What is required - After locating the line with "customiza-pantalones-flores-bordadas-jeans - DIY" below, output it and each following line exactly, stopping after the line with "Mancini Career". No pictures.

Input for this task -
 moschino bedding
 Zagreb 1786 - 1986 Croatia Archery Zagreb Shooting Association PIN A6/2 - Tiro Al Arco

---

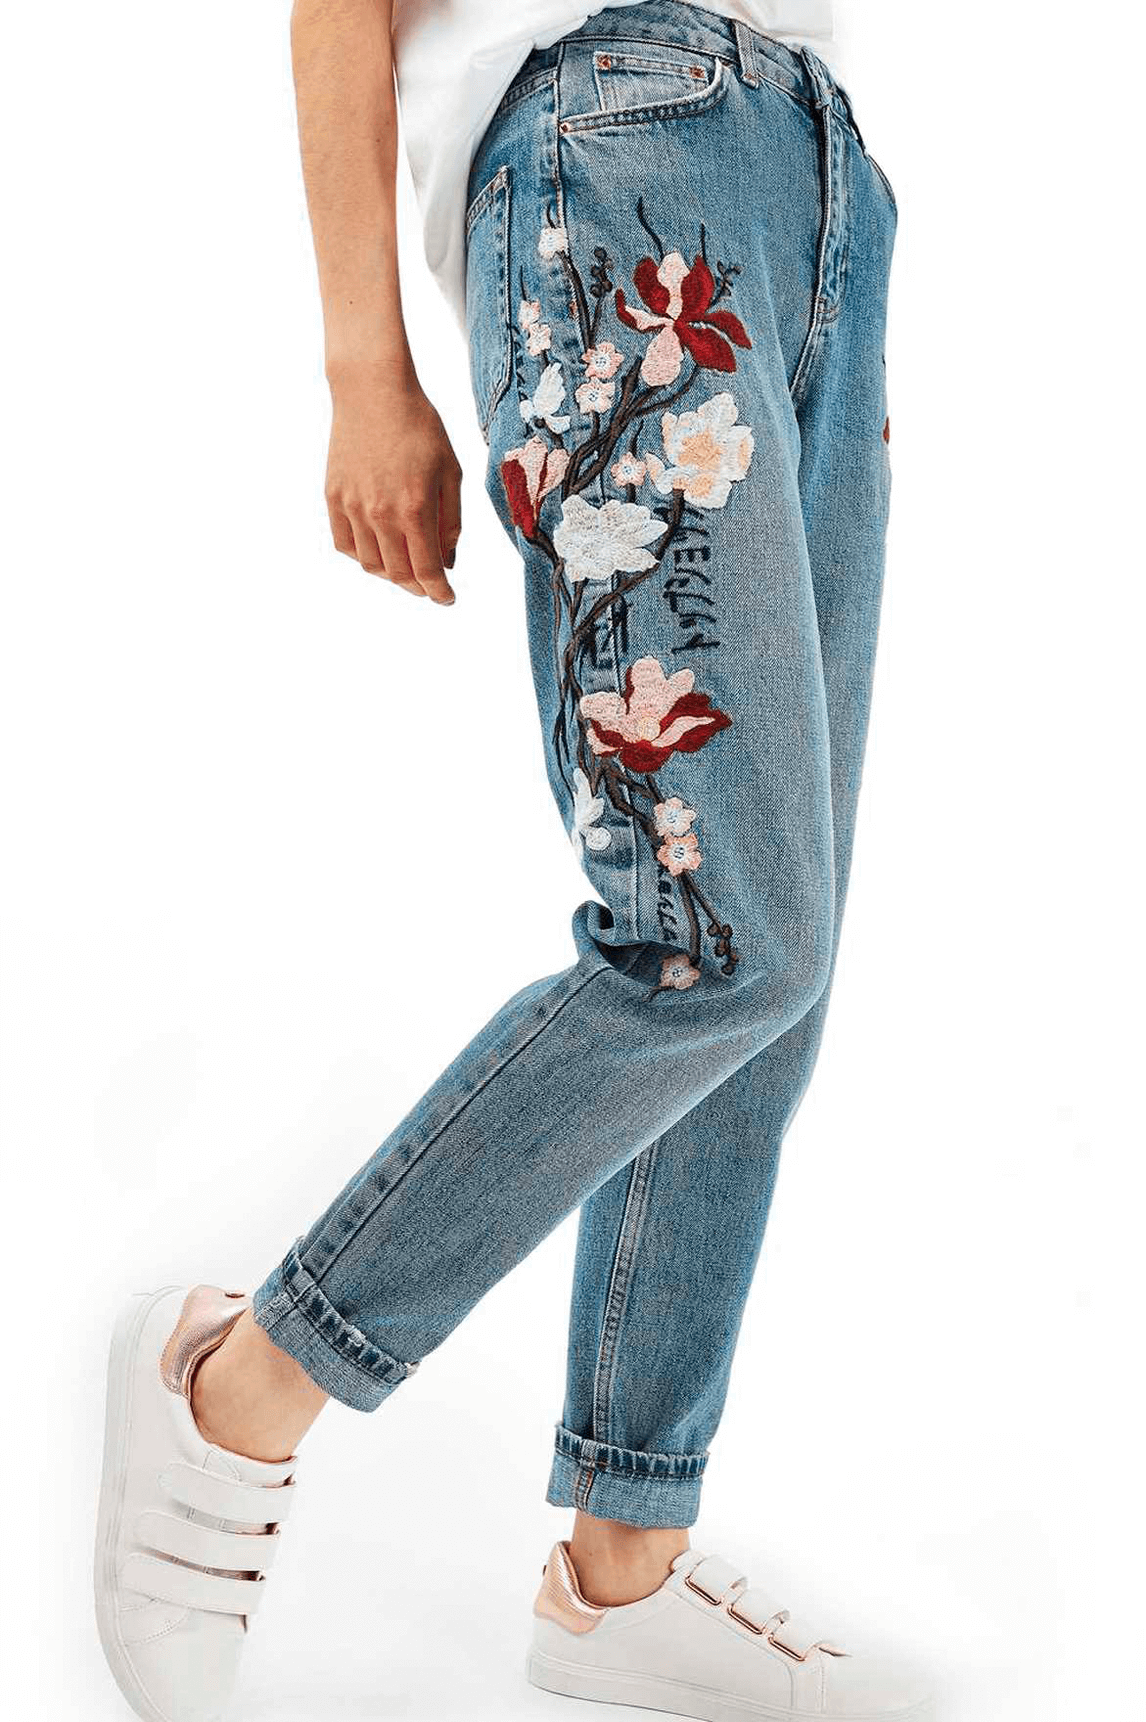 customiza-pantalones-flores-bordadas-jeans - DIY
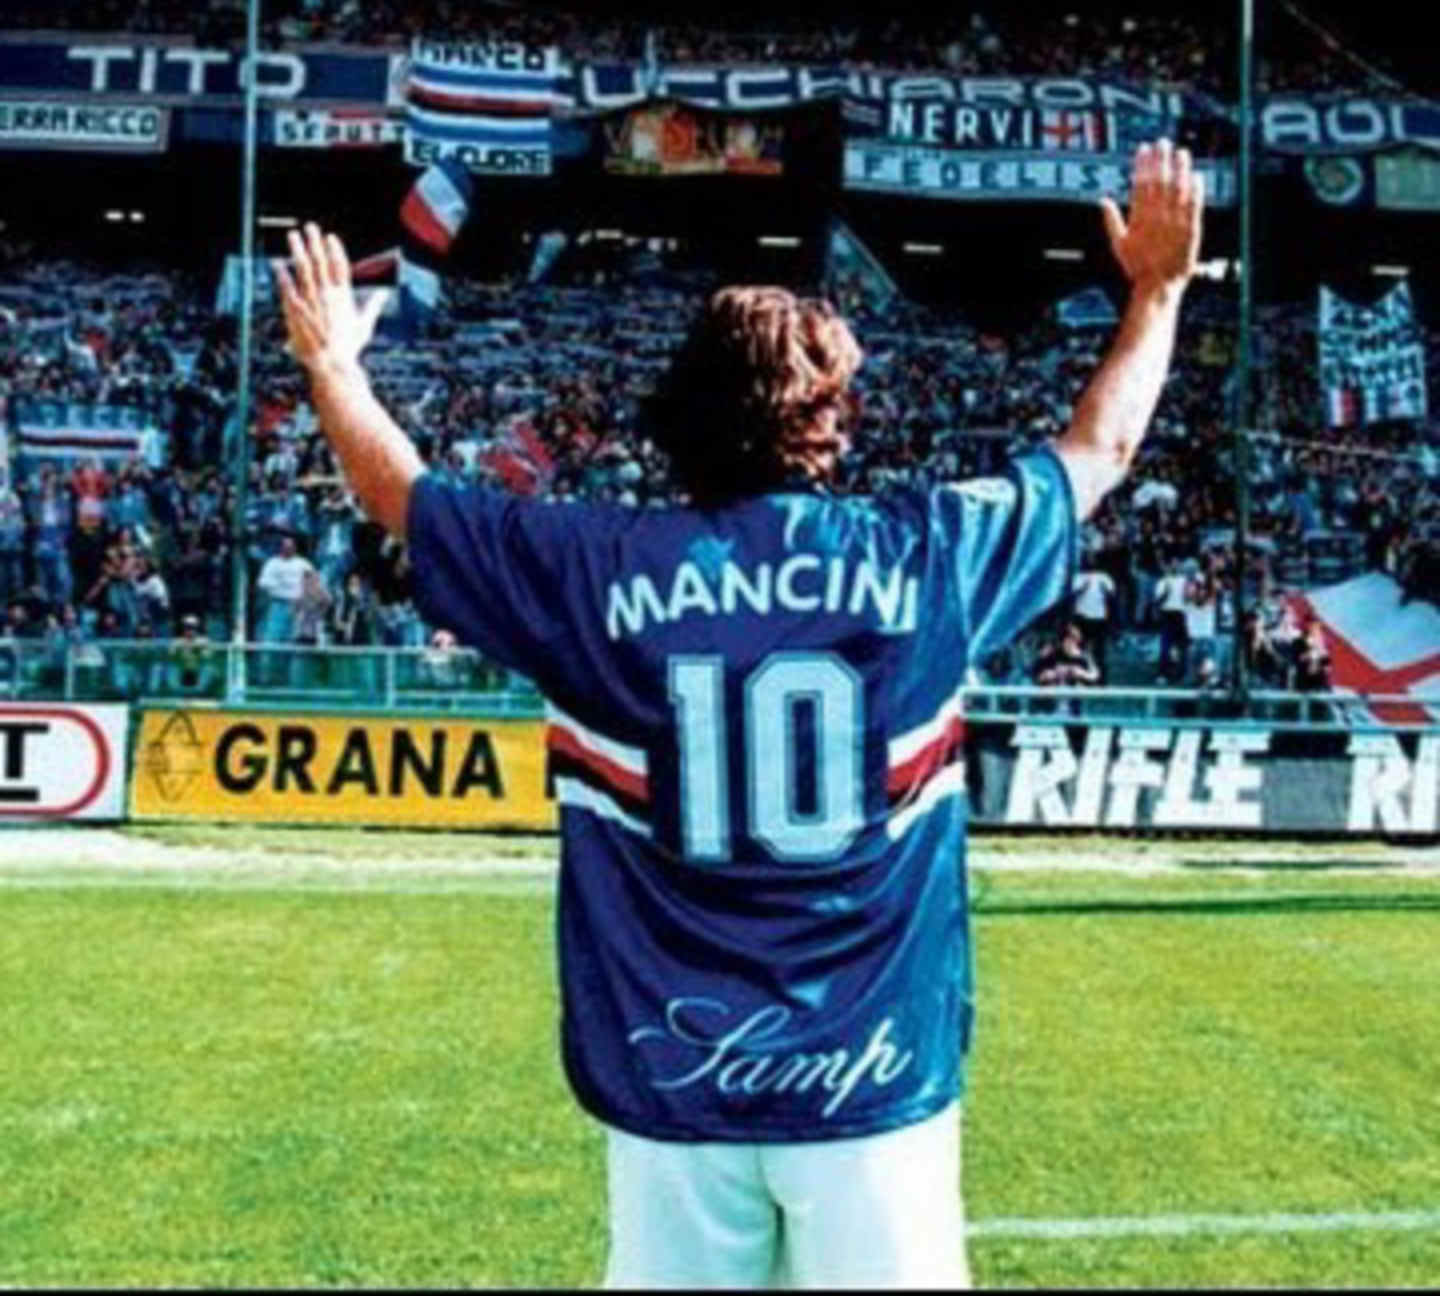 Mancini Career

Written answer -
 customiza-pantalones-flores-bordadas-jeans - DIY
 Mancini Career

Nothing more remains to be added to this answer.